▶ _HOW TO COMPLETE THIS TASK_
Within the entries below, output exactly the lines between the line containing "Guatemala y Honduras" and the line containing "Ce portrait plutôt", inclusive, and omit any picture.

▶ _MATERIAL FOR THIS TASK_
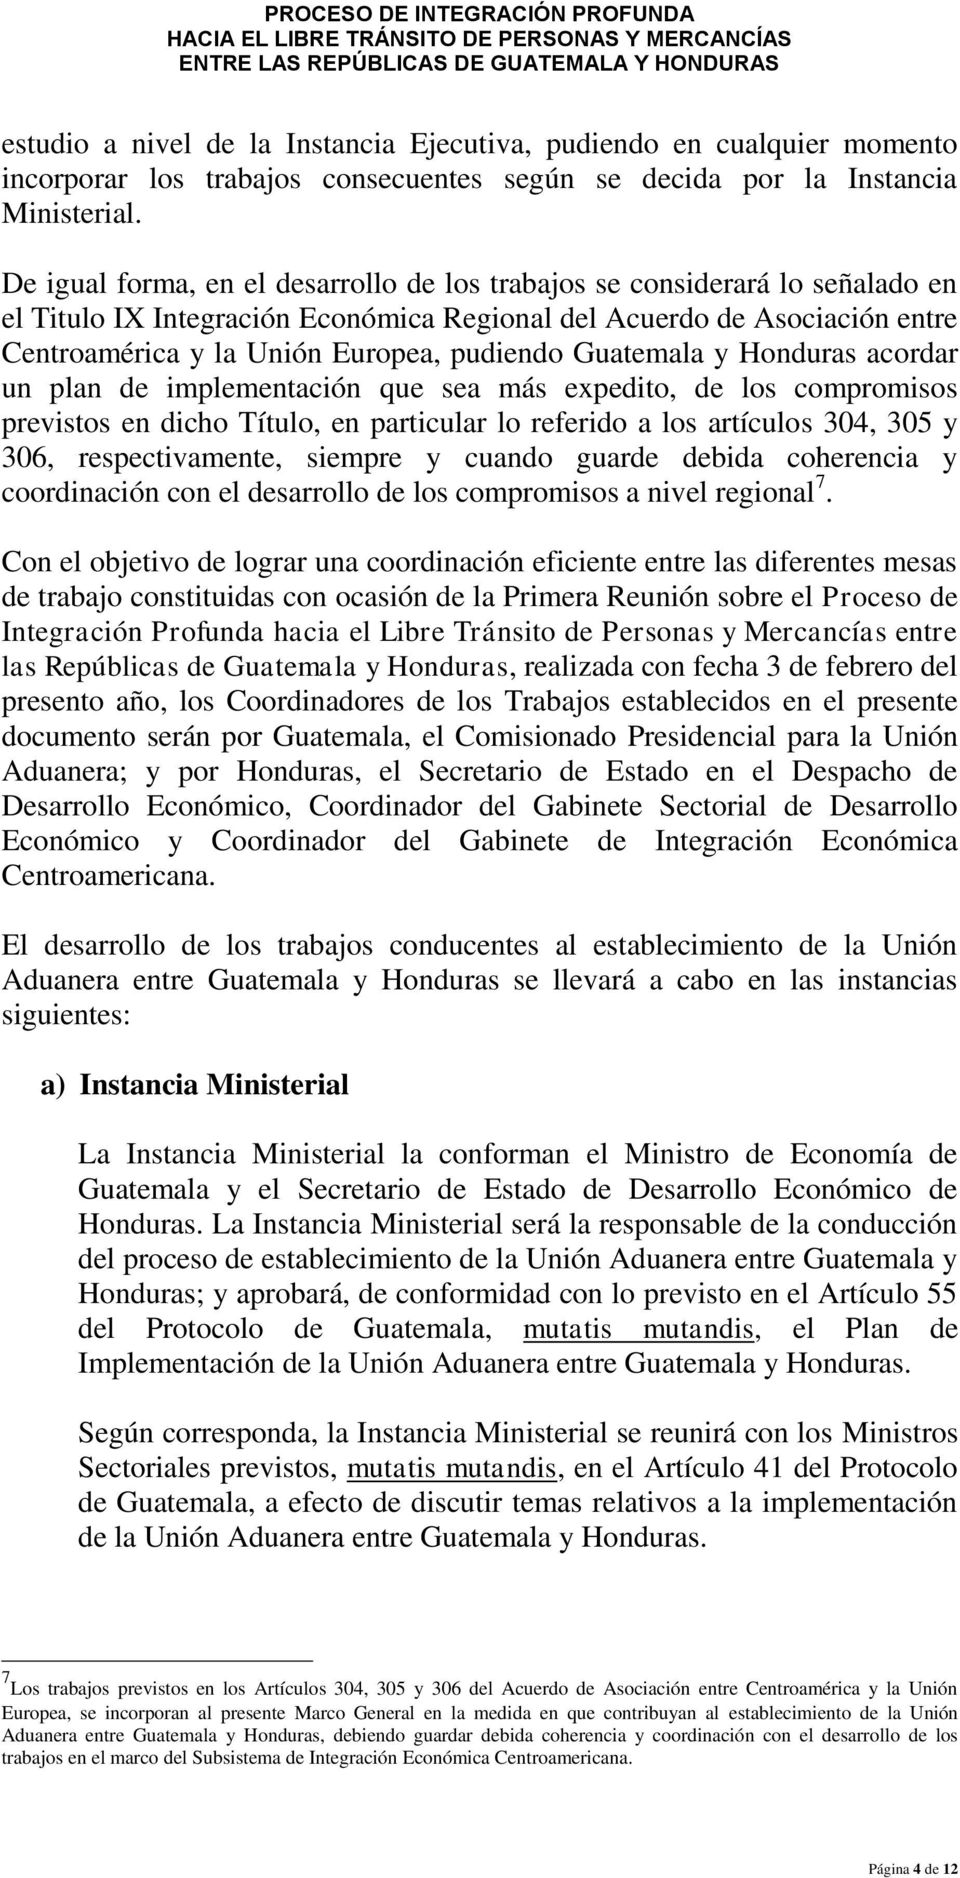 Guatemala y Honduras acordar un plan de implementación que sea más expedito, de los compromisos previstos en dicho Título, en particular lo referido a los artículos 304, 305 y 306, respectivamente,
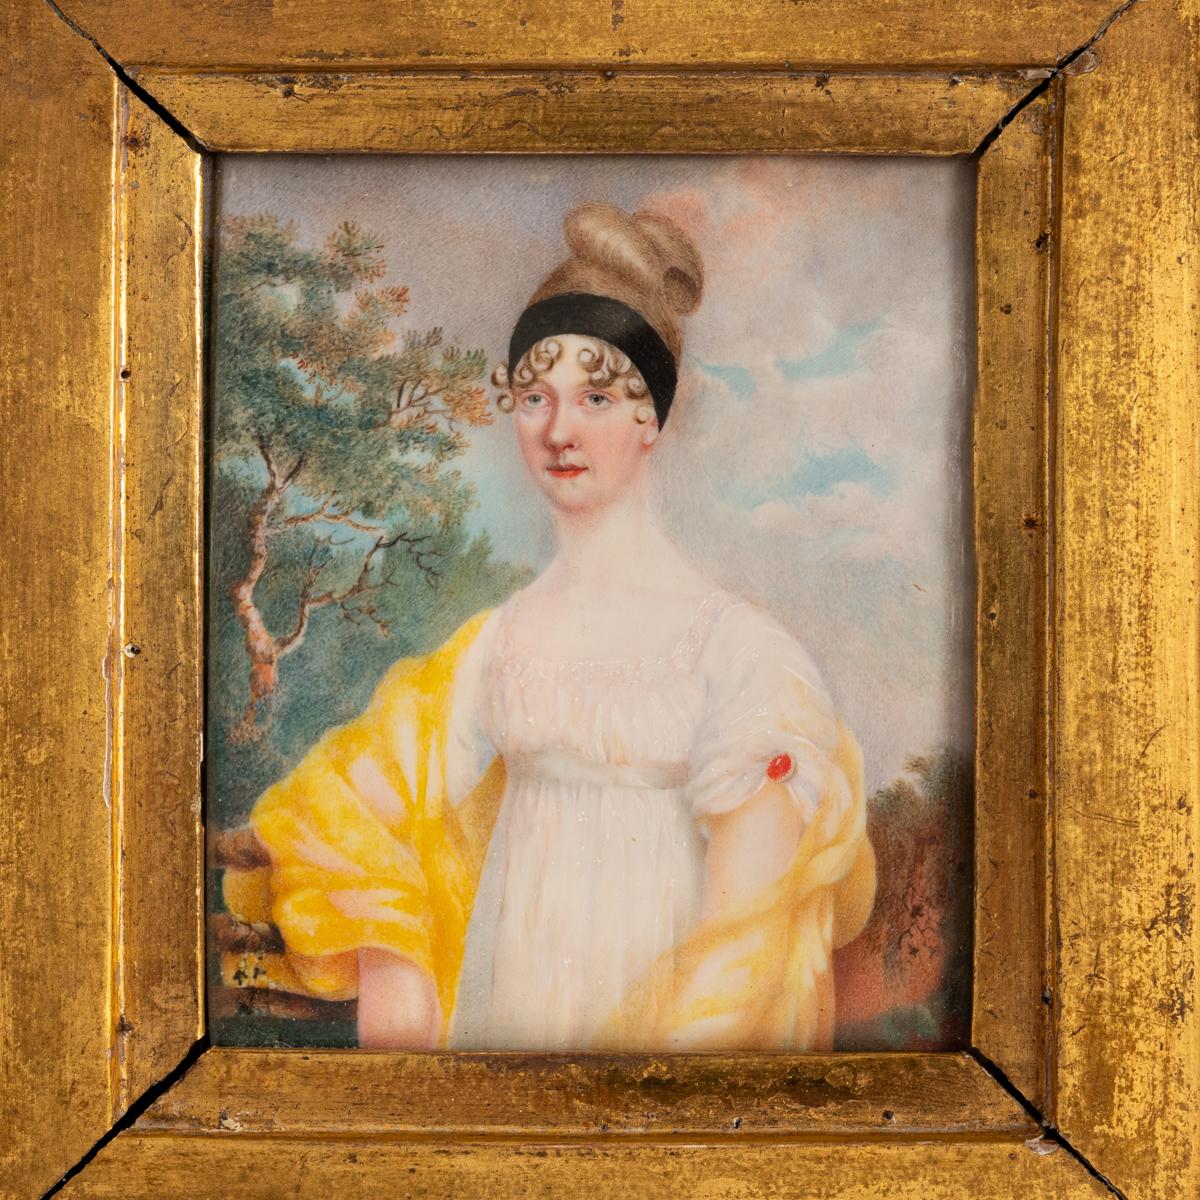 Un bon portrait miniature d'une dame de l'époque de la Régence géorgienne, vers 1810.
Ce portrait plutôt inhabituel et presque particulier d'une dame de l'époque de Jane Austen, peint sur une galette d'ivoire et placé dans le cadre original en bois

---

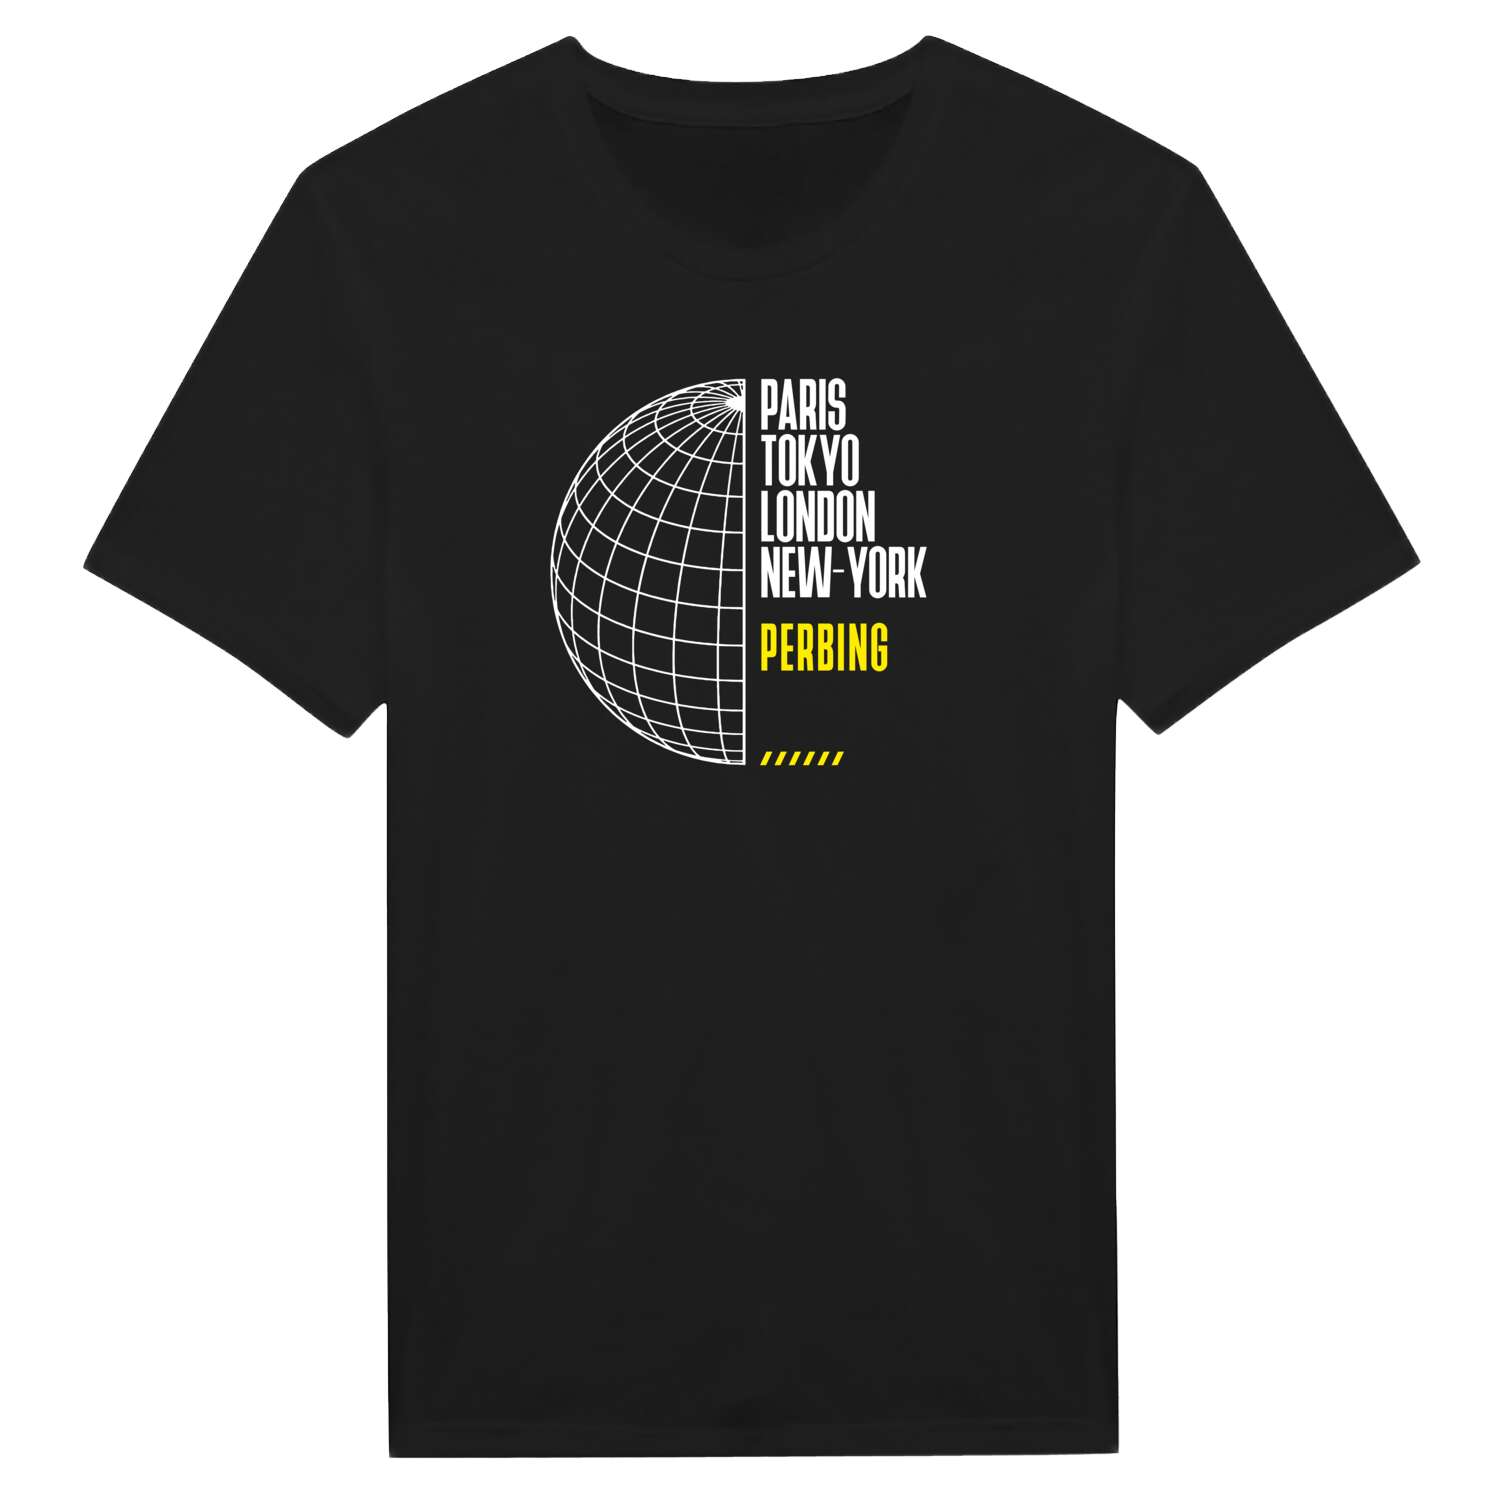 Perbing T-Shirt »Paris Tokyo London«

▶ _THE ANSWER_
 Guatemala y Honduras acordar un plan de implementación que sea más expedito, de los compromisos previstos en dicho Título, en particular lo referido a los artículos 304, 305 y 306, respectivamente,
 Un bon portrait miniature d'une dame de l'époque de la Régence géorgienne, vers 1810.
Ce portrait plutôt inhabituel et presque particulier d'une dame de l'époque de Jane Austen, peint sur une galette d'ivoire et placé dans le cadre original en bois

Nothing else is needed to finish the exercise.